Structural and functional properties of the membranotropic HIV-1 glycoprotein gp41 loop region are modulated by its intrinsic hydrophobic core

The gp41 disulfide loop region switches from a soluble state to a membrane-bound state during the human immunodeficiency virus type 1 (HIV-1) envelope-mediated membrane fusion process. The loop possesses a hydrophobic core at the center of the region with an unusual basic residue (Lys-601). Furthermore, two loop core mutations, K601A and L602A, are found to inhibit HIV-1 infectivity while keeping wild type-like levels of the envelope, implying that they exert an inhibitory effect on gp41 during the membrane fusion event. Here, we investigated the mode of action of these mutations on the loop region. We show that the K601A mutation, but not the L602A mutation, abolished the binding of a loop-specific monoclonal antibody to a loop domain peptide. Additionally, the K601A, but not the L602A, impaired disulfide bond formation in the peptides. This was correlated with changes in the circular dichroism spectrum imposed by the K601A mutation. In the membrane, however, the L602A, but not the K601A, reduced the lipid mixing ability of the loop peptides, which was correlated with decreased α-helical content of the L602A mutant. The results suggest that the Lys-601 residue provides a moderate hydrophobicity level within the gp41 loop core that contributes to the proper structure and function of the loop inside and outside the membrane. Because basic residues are found between the loop Cys residues of several lentiviral fusion proteins, the findings may contribute to understanding the fusion mechanism of other viruses as well.

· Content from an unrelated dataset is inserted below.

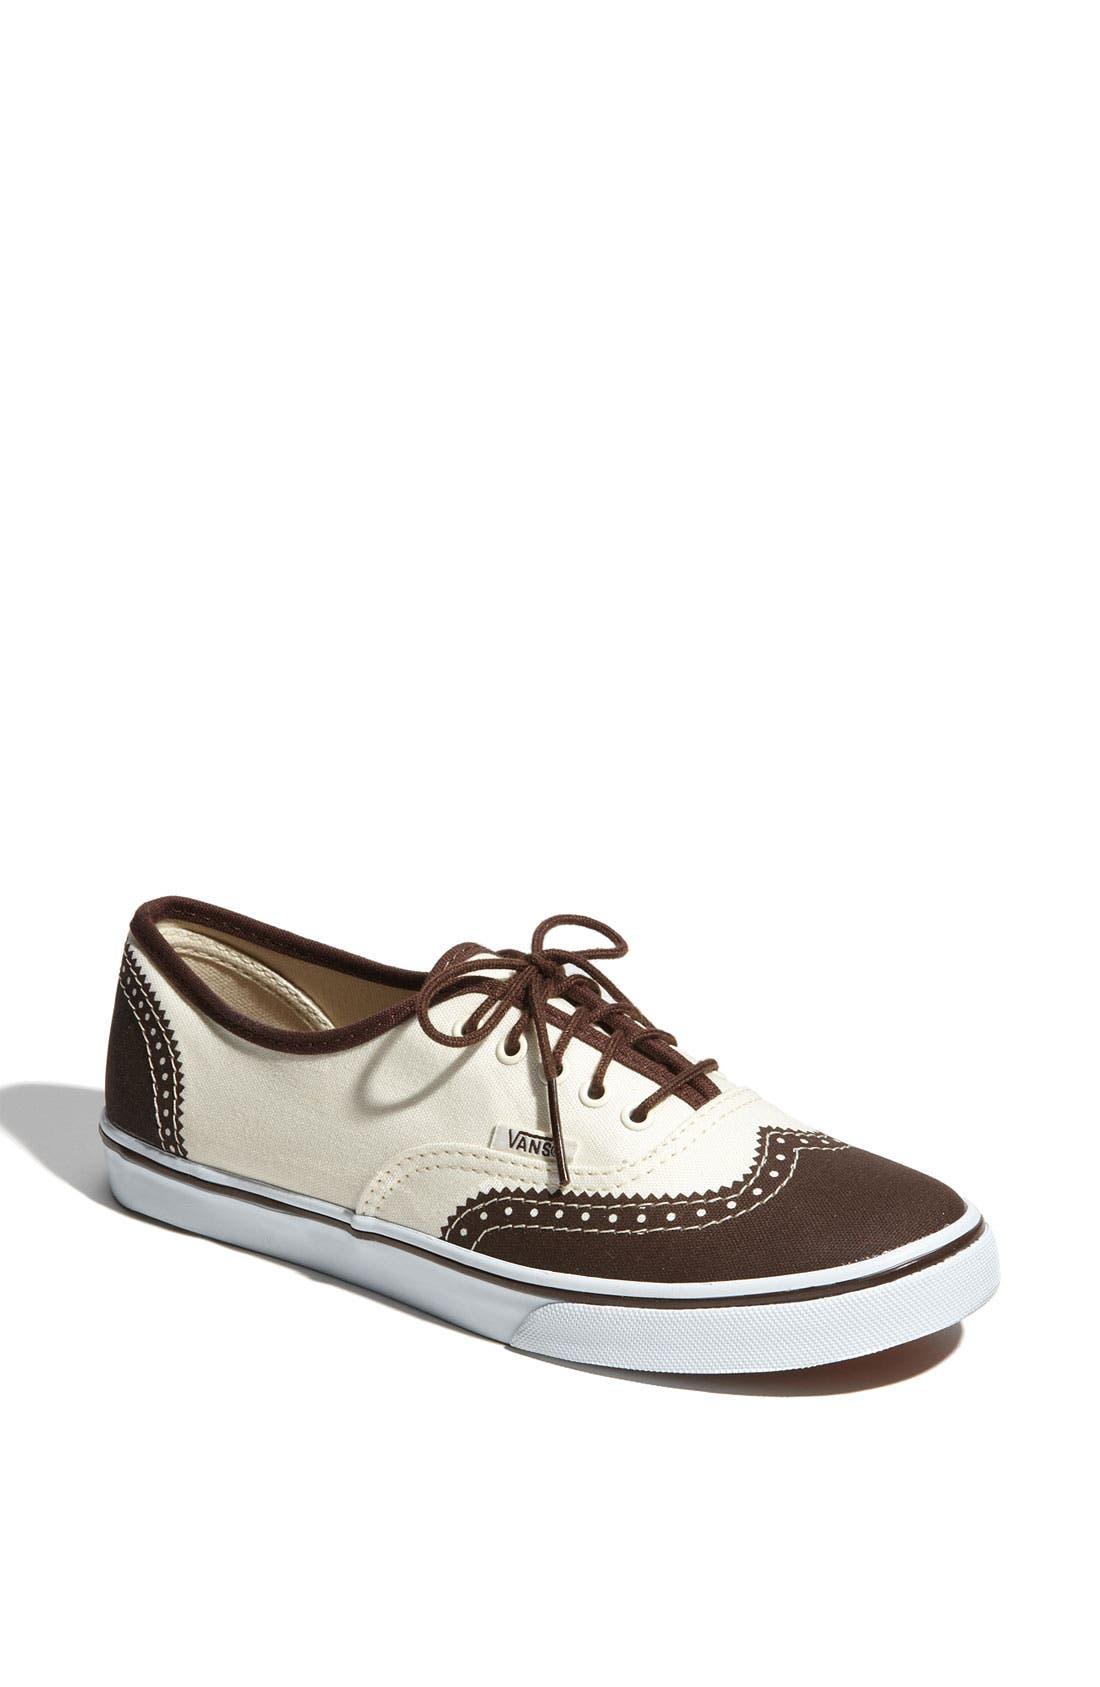 Alternate Image 1 Selected - Vans 'Oxford Lo Pro' Sneaker

HIV-1 fusion protein exerts complex immunosuppressive effects

One of the routes by which HIV-1 is able to escape the immune response is by immunosuppression. The gp41 fusion protein of the HIV-1 envelope mediates virus entry by membrane fusion and also functions as an inhibitor of T cell activation. Here, we review the recent studies suggesting that some of the gp41 immunosuppressive processes are initiated by novel motifs, located within the hydrophobic regions of the protein. This indicates that the immunosuppressive process mediated by gp41 is much more complex than initially thought. Additionally, we propose a model illustrating the interactions and interferences of these regions with the T cell receptor complex.